▶ **Directions**: The answer consists solely of the lines running from the one with "1 Pair Mens" through the final line below, transcribed exactly and without any pictures.

▶ **Information shown**:
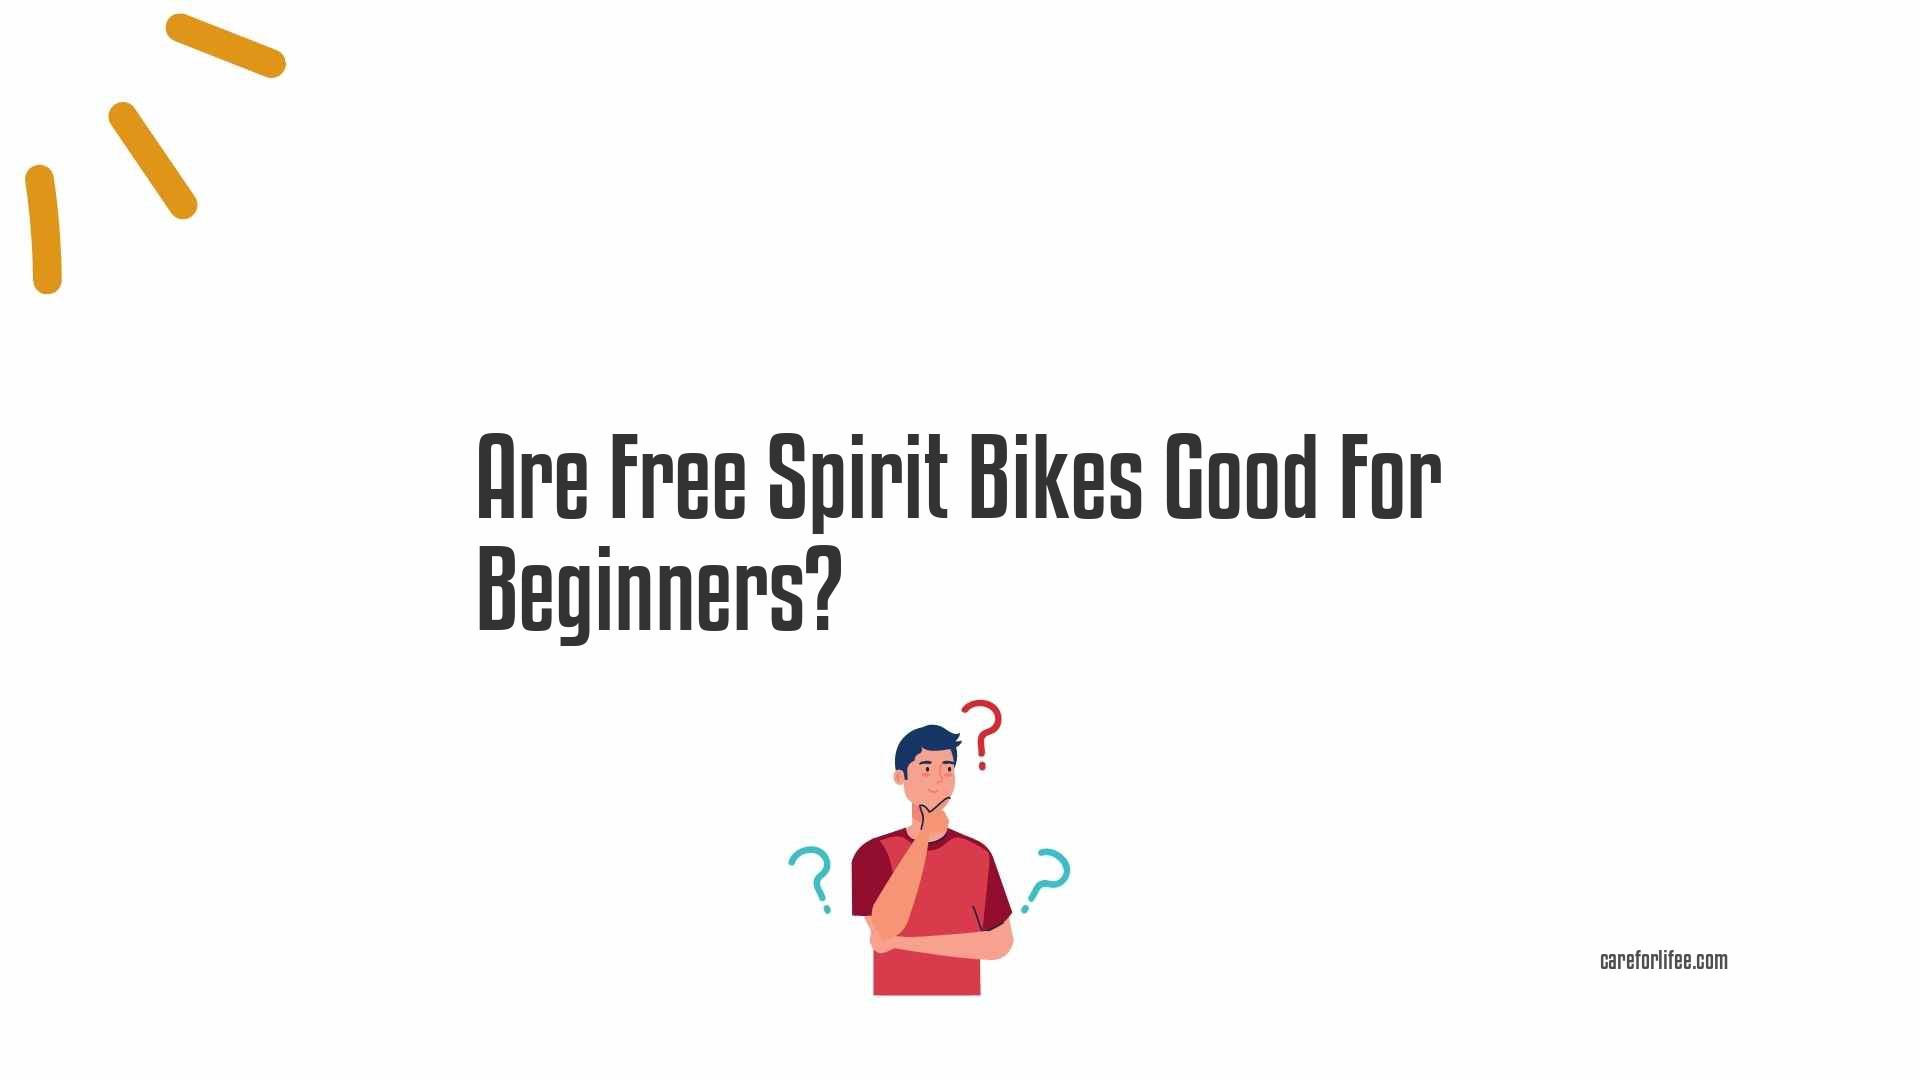 Are Free Spirit Bikes Good For Beginners?
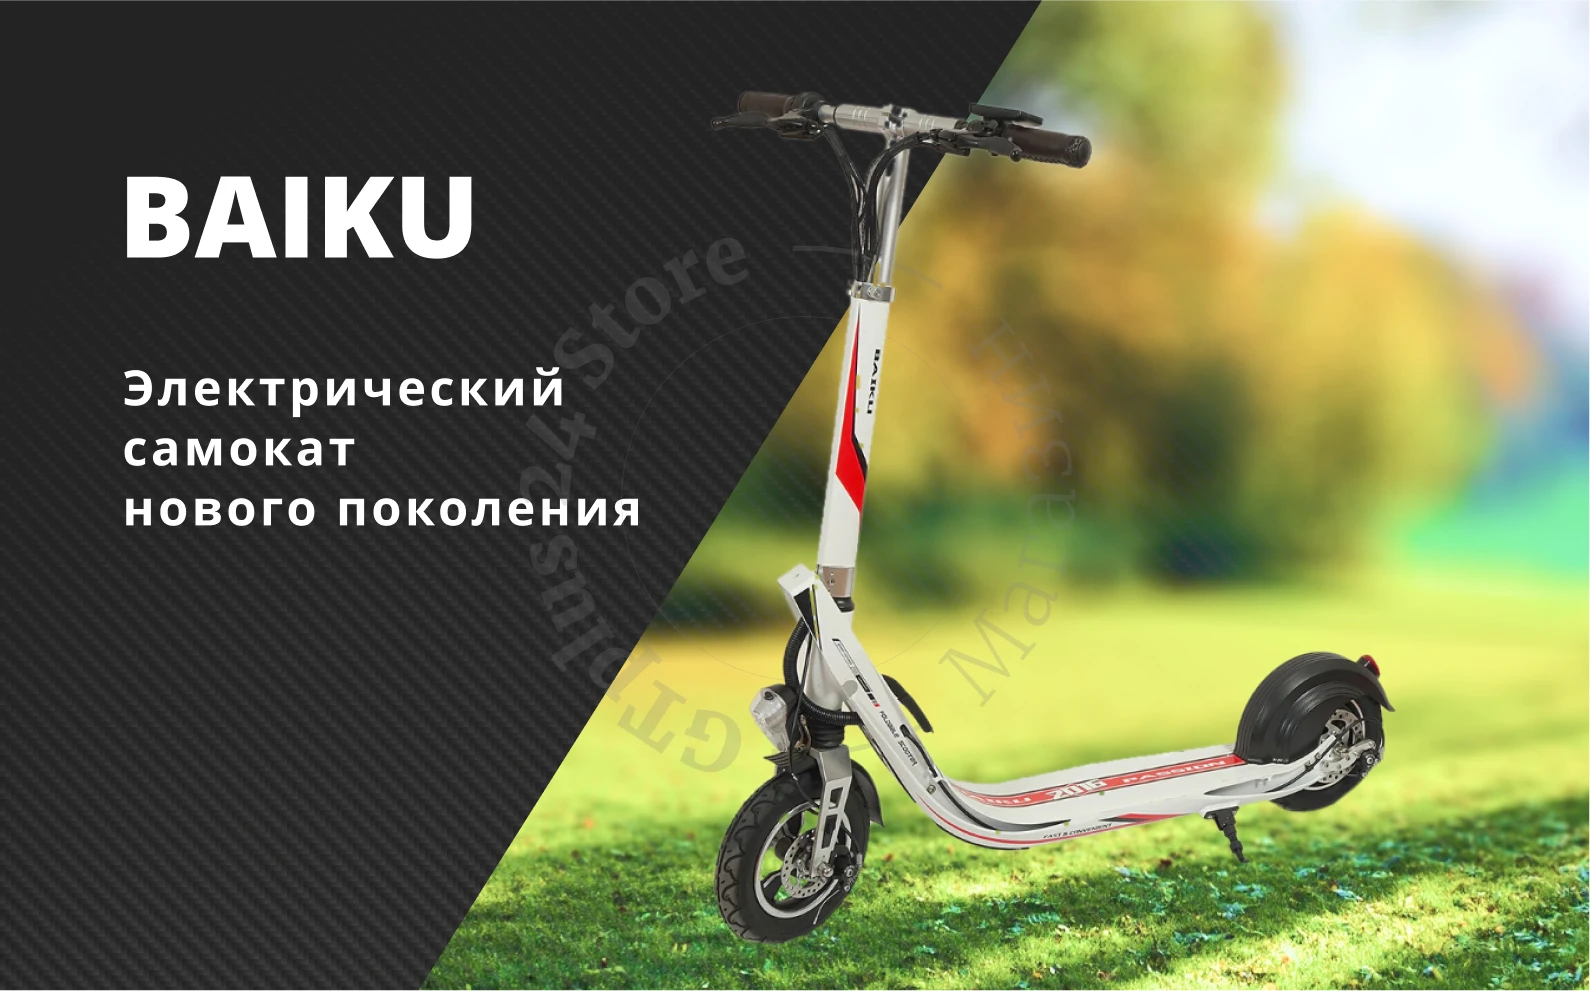 Baiku Passion Электросамокат, электрический самокат, электрический скутер Baiku Passion
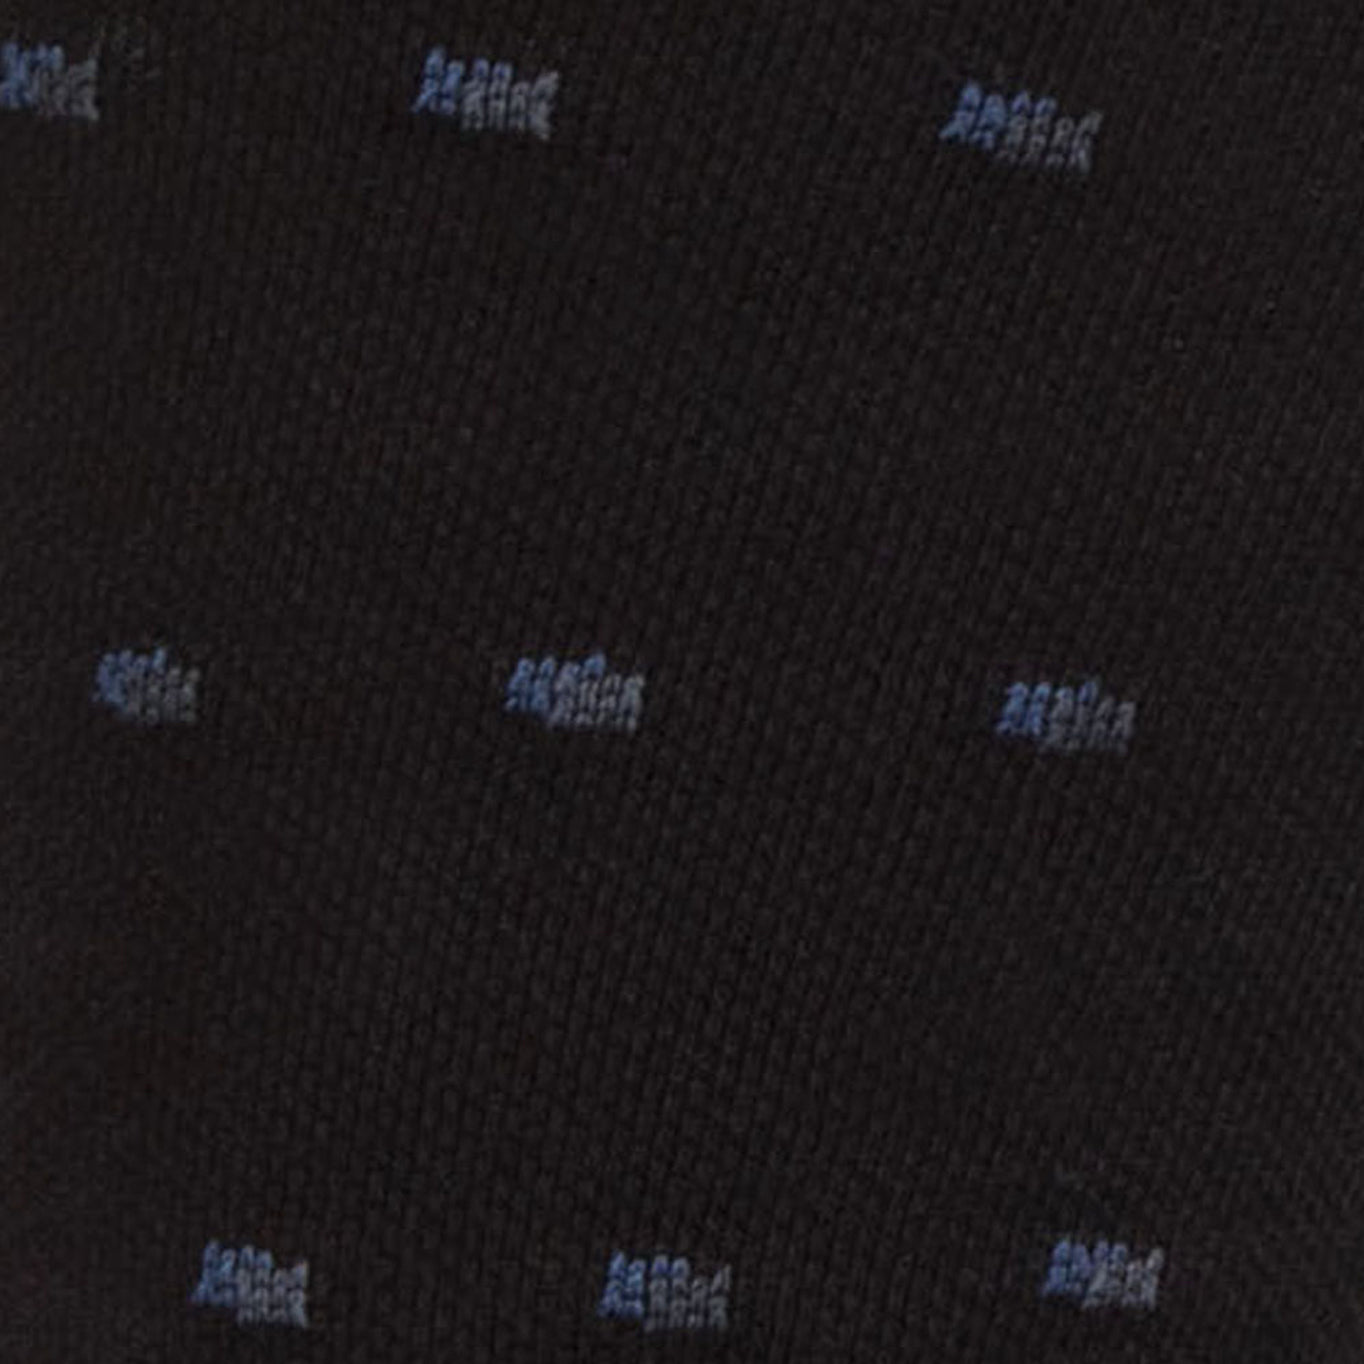 1 Pair Mens IOMI FootNurse Jacquard Compression Travel & Flight Socks - Black With Blue/Charcoal Squares
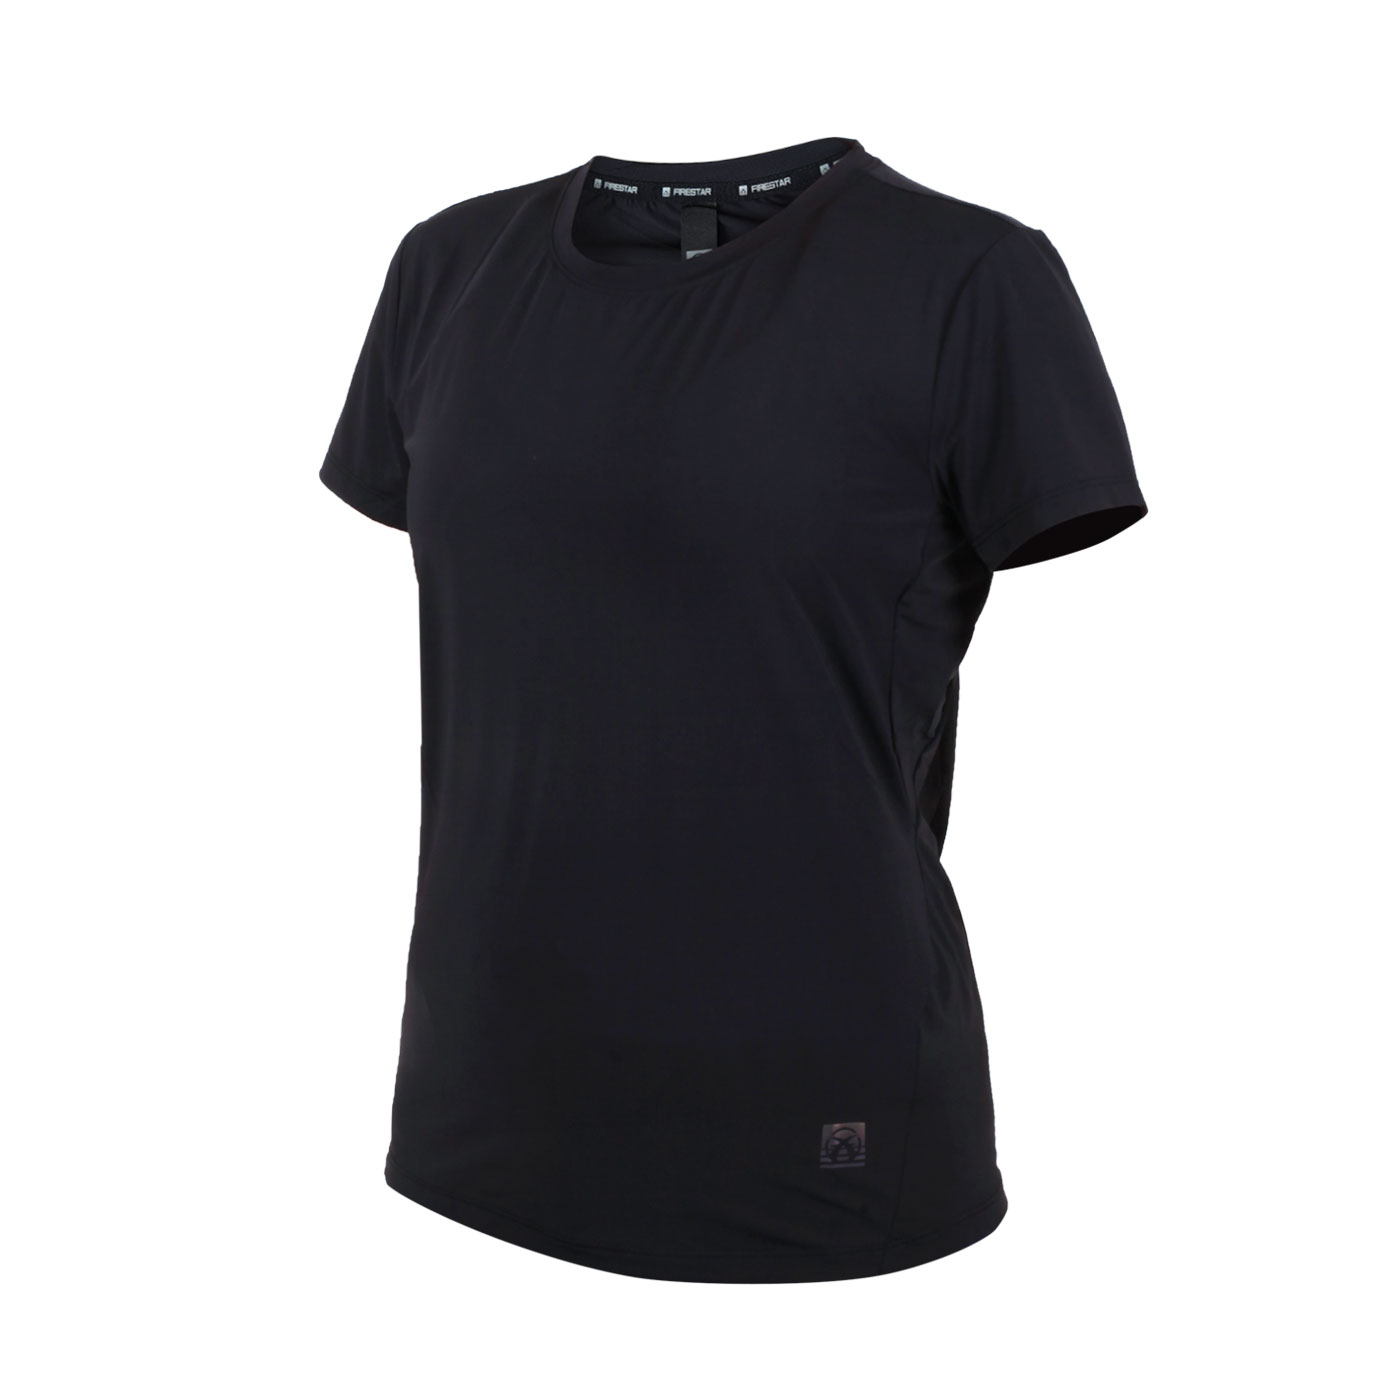 FIRESTAR 女款彈性圓領短袖T恤 DL261-10 - 黑

▶ **Solution to this task**:
 1 Pair Mens IOMI FootNurse Jacquard Compression Travel & Flight Socks - Black With Blue/Charcoal Squares
 FIRESTAR 女款彈性圓領短袖T恤 DL261-10 - 黑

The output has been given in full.